I write a simple script that executes a system command on a sequence of files. To speed things up, I'd like to run them in parallel, but not all at once - i need to control maximum number of simultaneously running commands. What whould be the easiest way to approach this ?
-
@unholysampler: This question is neither related to multithreading nor to thread pools. Threads might be one solution to the given problem, but a bad one in my opinion. I will remove these tags again.Sven Marnach– Sven Marnach2011-02-14 13:25:55 +00:00Commented Feb 14, 2011 at 13:25
-
related: stackoverflow.com/questions/3194018/…tokland– tokland2011-02-14 13:35:05 +00:00Commented Feb 14, 2011 at 13:35
-
3@S.Lott. Limiting the maximum number of processes seems reasonable. Imagine you have 100k processes to launch, you'll want to run them spawn all of them at once? even if the OS could cope with it...tokland– tokland2011-02-14 13:43:17 +00:00Commented Feb 14, 2011 at 13:43
-
1@S.Lott If the processes that are being launched are database intensive you might get a speed up by running a small number in parallel, but after a certain point contention will result in a slow down.Andrew Wilkinson– Andrew Wilkinson2011-02-14 14:07:32 +00:00Commented Feb 14, 2011 at 14:07
-
1@S.Lott If the system command is sftp, for example, then you might want to run a limited number of processes in parallel. Given the question references a system command my reference to a database was probably not helpful, but that's why I've been in this situation in the past.Andrew Wilkinson– Andrew Wilkinson2011-02-14 14:32:05 +00:00Commented Feb 14, 2011 at 14:32
7 Answers
If you are calling subprocesses anyway, I don't see the need to use a thread pool. A basic implementation using the subprocess module would be
import subprocess
import os
import time
files = <list of file names>
command = "/bin/touch"
processes = set()
max_processes = 5
for name in files:
processes.add(subprocess.Popen([command, name]))
if len(processes) >= max_processes:
os.wait()
processes.difference_update([
p for p in processes if p.poll() is not None])

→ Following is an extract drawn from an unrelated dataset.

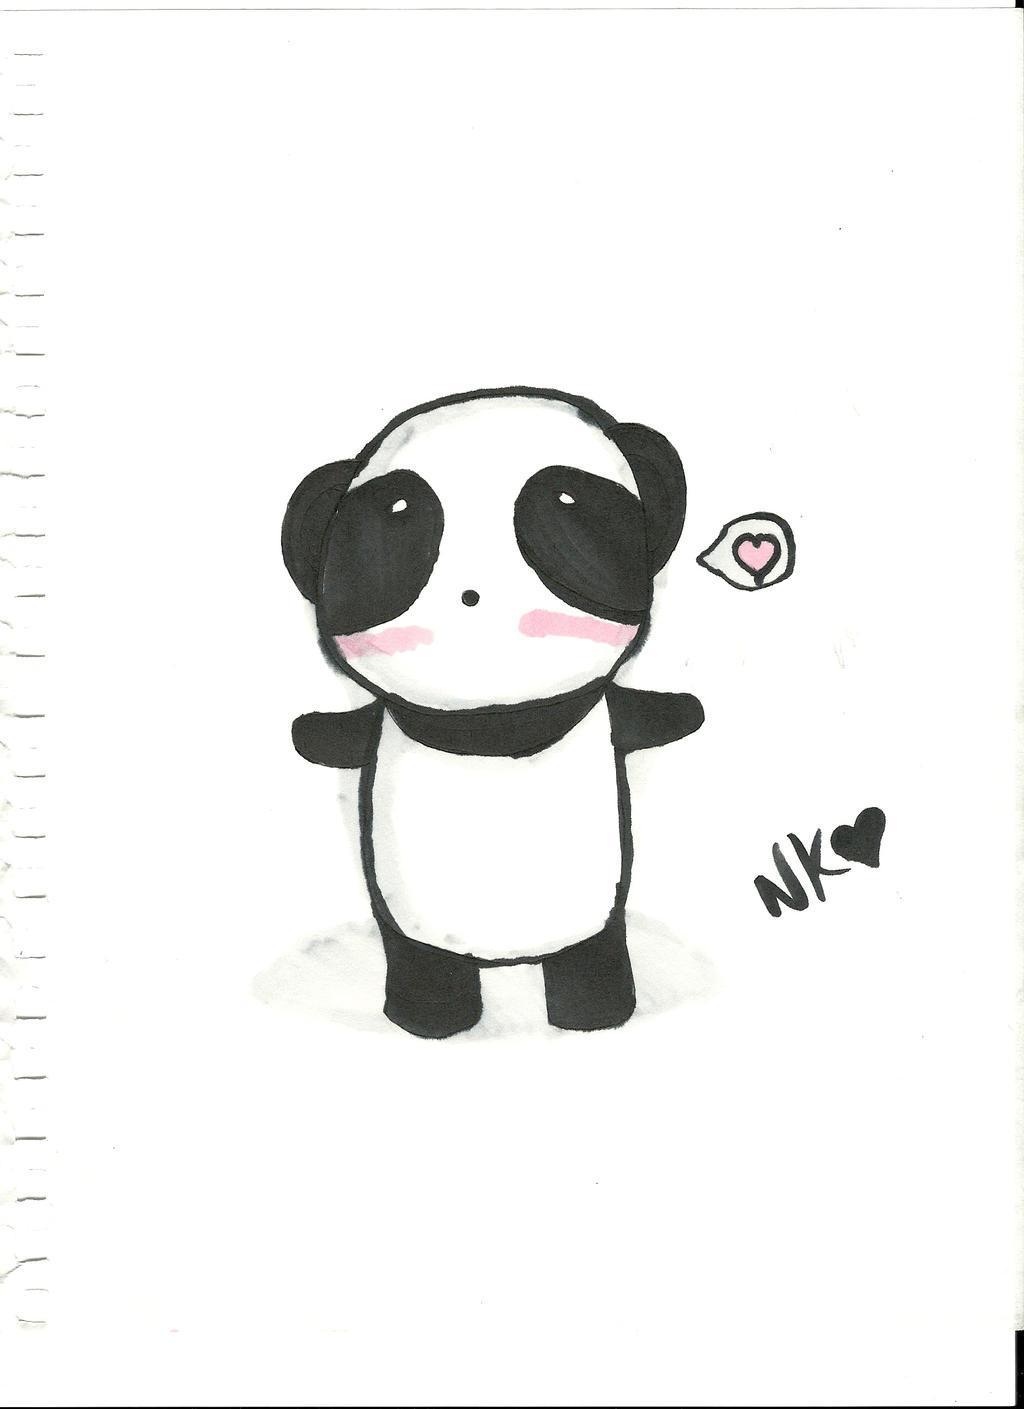 Panda Drawing On Paper With Copics by nekokitty54321Drawing Of A Cute Panda

On Windows, os.wait() is not available (nor any other method of waiting for any child process to terminate). You can work around this by polling in certain intervals:
for name in files:
processes.add(subprocess.Popen([command, name]))
while len(processes) >= max_processes:
time.sleep(.1)
processes.difference_update([
p for p in processes if p.poll() is not None])
The time to sleep for depends on the expected execution time of the subprocesses.
7 Comments
The answer from Sven Marnach is almost right, but there is a problem. If one of the last max_processes processes ends, the main program will try to start another process, and the for looping will end. This will close the main process, which can in turn close the child processes. For me, this behavior happened with the screen command.
The code in Linux will be like this (and will only work on python2.7):
import subprocess
import os
import time
files = <list of file names>
command = "/bin/touch"
processes = set()
max_processes = 5
for name in files:
processes.add(subprocess.Popen([command, name]))
if len(processes) >= max_processes:
os.wait()
processes.difference_update(
[p for p in processes if p.poll() is not None])
#Check if all the child processes were closed
for p in processes:
if p.poll() is None:
p.wait()
2 Comments
Glory be to those that answerYou need to combine a Semaphore object with threads. A Semaphore is an object that lets you limit the number of threads that are running in a given section of code. In this case we'll use a semaphore to limit the number of threads that can run the os.system call.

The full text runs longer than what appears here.